生成性的校园设计方法
The on-campus learning and living environment is constantly evolving to improve the higher education experience for students. Design strategies are used to encourage learning, increase student retention and graduation rates, and ensure the quality of learning experiences. 横跨AG平台 学习+实践, 我们利用数据驱动设计, a highly collaborative process that generates successful outcomes and useful insights on the innovative possibilities of technology-enhanced campus design.

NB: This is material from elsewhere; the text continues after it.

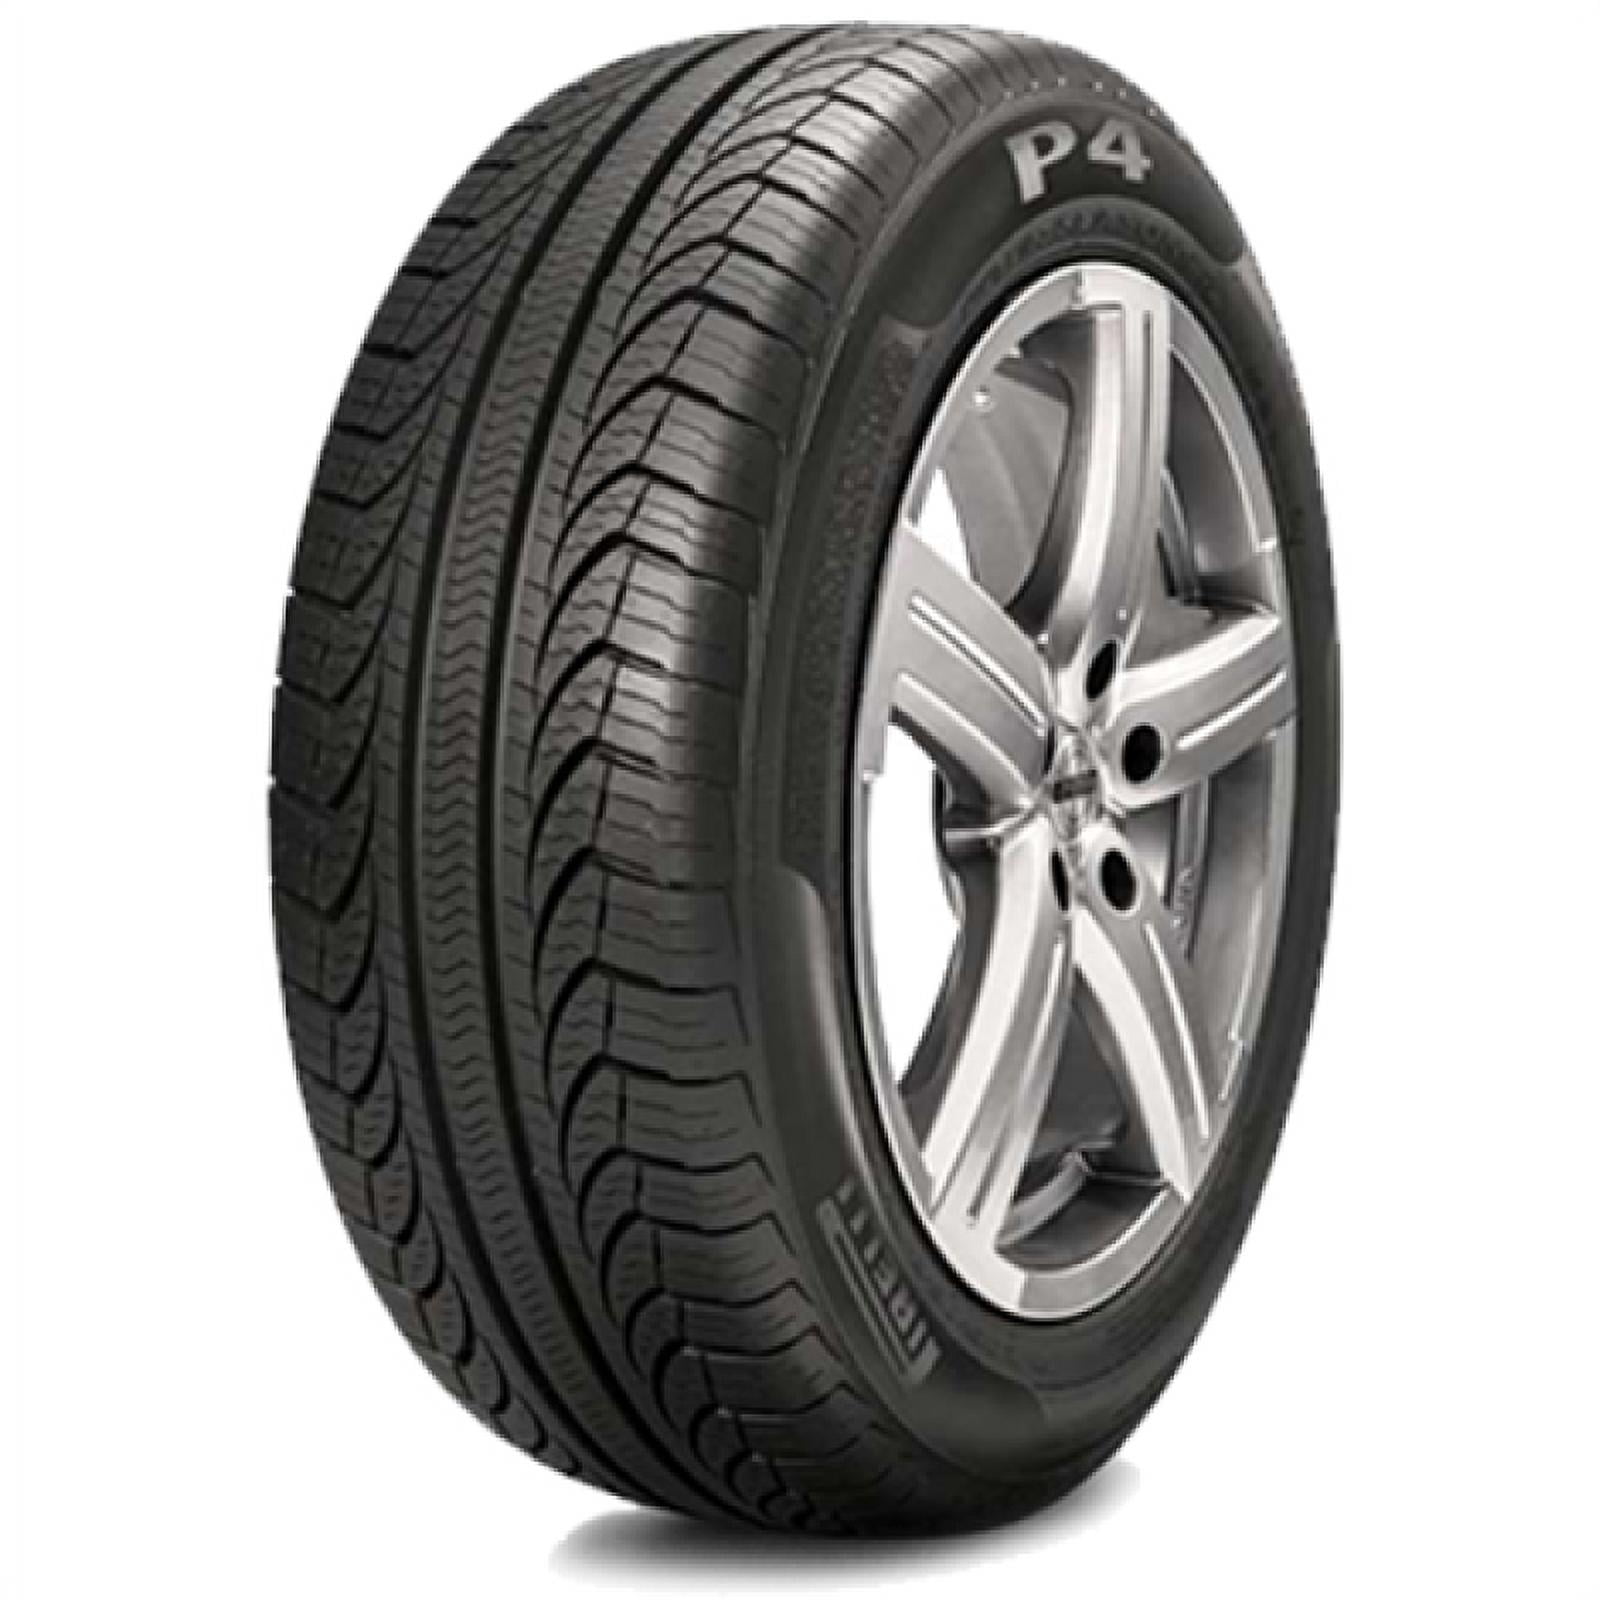 Goodyear Tires Viva 3 All-Season 215/65R16 98T Tire - Walmart.com
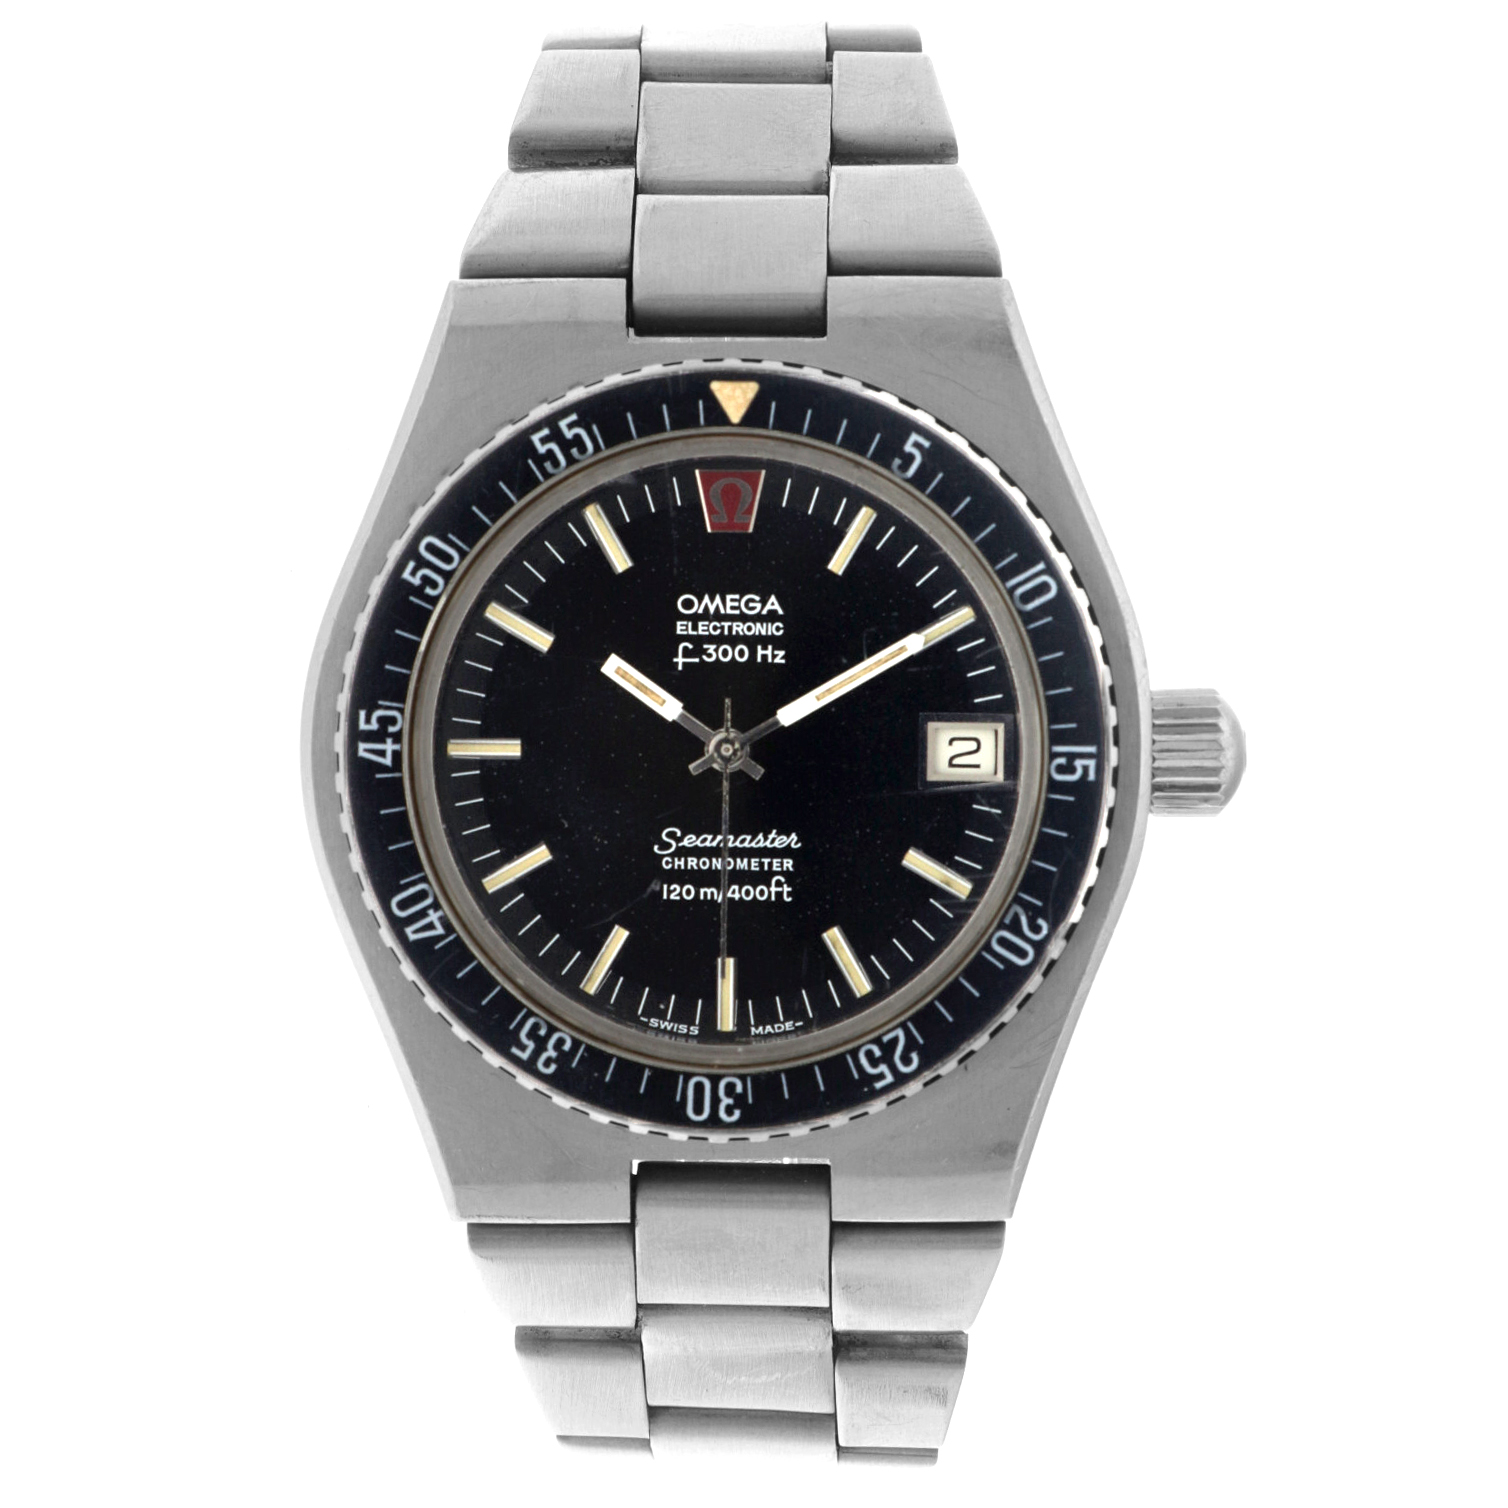  No Reserve - Omega Seamaster F300Hz - Men's watch - 1970 - 1980.

The most valuable aspect of data-driven design is the unlimited number of experimental designs that are made possible through customizable algorithms and generative modelling. This is valuable because the algorithms can consider several inputs within a given model to accommodate a project’s specifications, and the algorithms and inputs work together to find multiple configurations within the design process. 更多的使用, the technology can become smarter and more efficient, expanding the amount of research and complexity of the inputs that the model can process at one time.
This innovation does not come without its limitations. Human sentiment is still necessary in the design process because data-driven design cannot yet compute at a level that satisfies human opinion and subjectivity. This limitation can also be considered a strength, as the design process is in在这里ntly collaborative and multivalent. 数据驱动的设计, 加上深思熟虑的人类洞察力, 因此提高了设计过程, 把它带到新的高度.
A version of this insight appeared on page 56 of the 高等教育PPP报告2021. It expands on how IBI Group is employing data-driven design principles to deliver sustainable, future-forward campuses across North America.
点击 在这里 to view a recording of the Data-Driven Decision Making in the Design Process panel at the P3 Bulletin Higher Education Hub.